Front groups of the community organization ACORN played a major role in organizing the OWS protests nationwide. For instance, the Working Families Party (WFP), a longtime ACORN front, helped mobilize the demonstrations in New York City. "[We are] actually trying to change the capitalist system that we have today because it’s not working for any of us," WFP organizer Nelini Stamp told Laura Flanders of Free Speech TV in an interview.
Meanwhile, ACORN’s newer front groups were likewise deeply involved in launching and expanding the OWS movement throughout the fall of 2011. For instance, New York Communities for Change -- led by longtime ACORN lobbyist Jon Kest -- helped WFP organize the demonstrations in lower Manhattan. In Pennsylvania, Action United participated in the "Occupy Pittsburgh" rallies. In Florida, Organize Now took part in "Occupy Orlando." The Alliance of Californians for Community Empowerment led the "Occupy L.A." protests. And New England United for Justice, headed by former ACORN national president Maude Hurd, participated in the related “Take Back Boston” rallies in Massachusetts.
The Communist Party USA (CPUSA) was also heavily involved in OWS's formation and early growth. At the heart of "Occupy Los Angeles," for instance, were two Southern California communists -- veteran Party leader Arturo Cambron and his comrade Mario Brito. In early October 2011, Brito declared that OWS's chief objective was to achieve “economic justice,” and added: “This is an international movement ... The vast majority of Americans actually believe income inequality is a major problem. The only reason they haven’t acted upon it is because there hasn’t been a mass movement.” In an October 15, 2011 address to the nearly 3,000 attendees at an "Occupy Chicago" rally, John Bachtell, a spokesman from the CPUSA's national board, claimed to “bring greetings and solidarity from the Communist Party”; he received a number of loud ovations from the crowd.

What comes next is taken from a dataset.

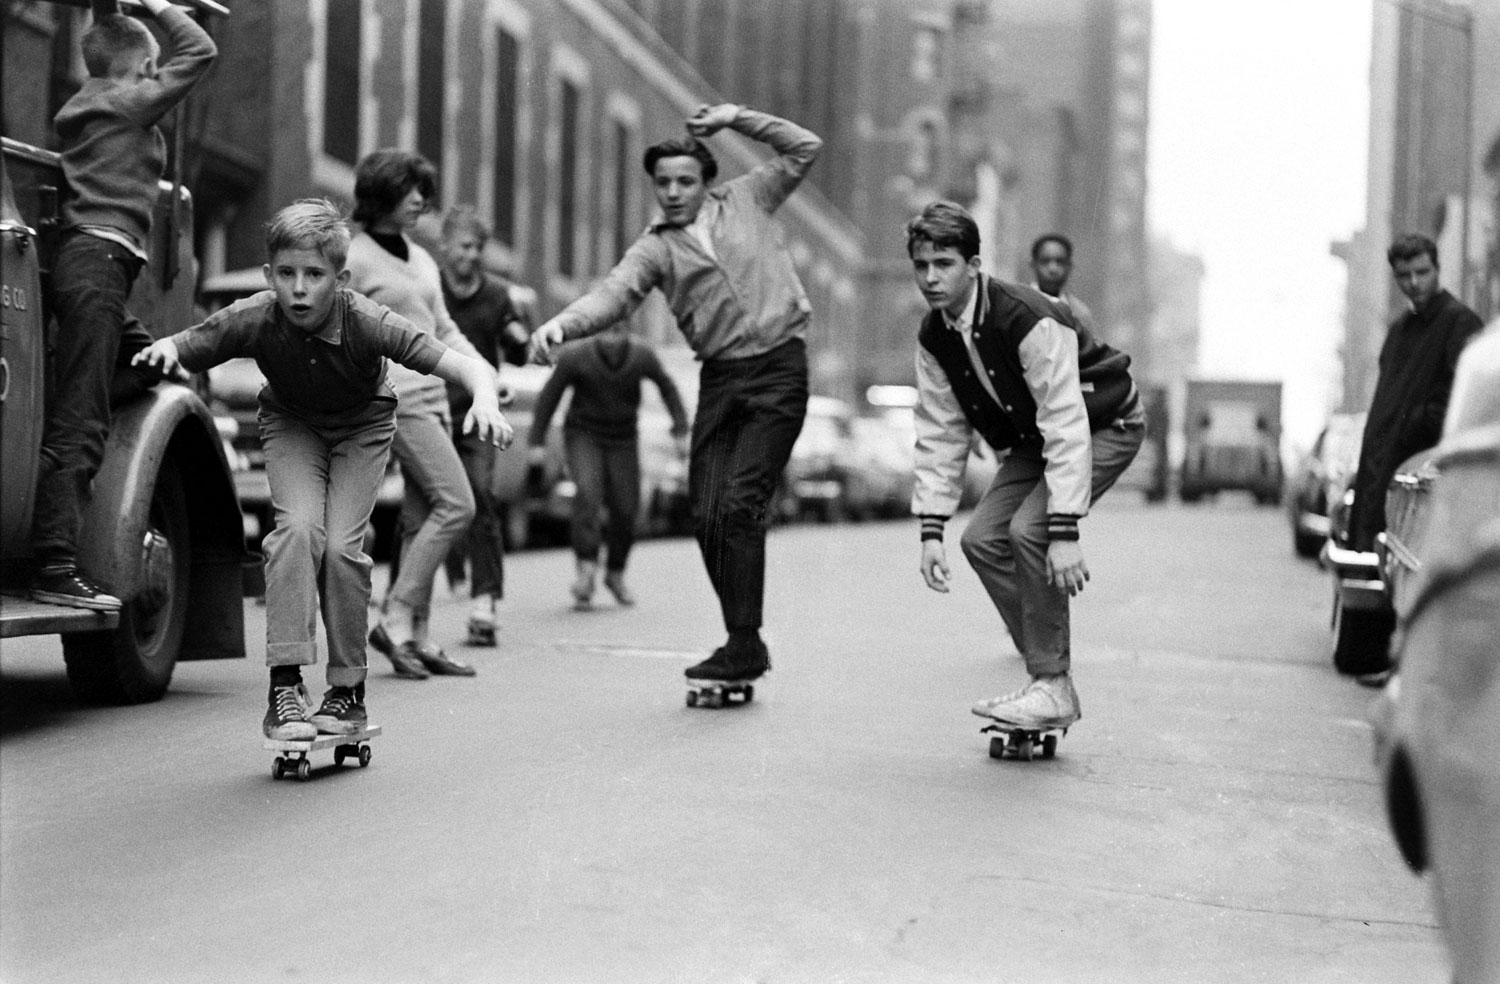 Skateboarding in New York City, 1965.

The early OWS demonstrations imposed considerable monetary costs on the cities in which they were staged. By mid-October 2011, for example, the protesters' then-month-long siege of Zuccotti Park in Lower Manhattan had already cost New York taxpayers some $3.2 million for overtime police pay. Meanwhile, Boston City Council president Stephen Murphy reported that the costs resulting from the protests in his city were approaching $2 million.
Quite popular at OWS demonstrations across the United States are T-shirts and speeches glorifying such renowned Marxists as Che Guevara, Emiliano Zapata and Mao Zedong; lionizing convicted cop-killer Troy Davis and WikiLeaks collaborator Bradley Manning; promoting the DREAM Act and 9/11 Trutherism; and denouncing Fox News, the American Legislative Exchange Council, Wisconsin's Republican governor Scott Walker, the Koch family, the New York Police Department, and "Nazi Bankers" and Jews.
Indeed, anti-Semitism is clearly in evidence at many “Occupy” events nationwide, where placards and chanted slogans denouncing the alleged conspiracies of “Jewish bankers” (and "Zionist Jews") square neatly with OWS's relentless condemnations of “greedy Wall Street bankers” and thus go unchallenged by the protesting throngs. According to the American Nazi Party, which supports OWS, the movement strikes a welcome blow against an obscenely corrupt "Judeo-Capitalism."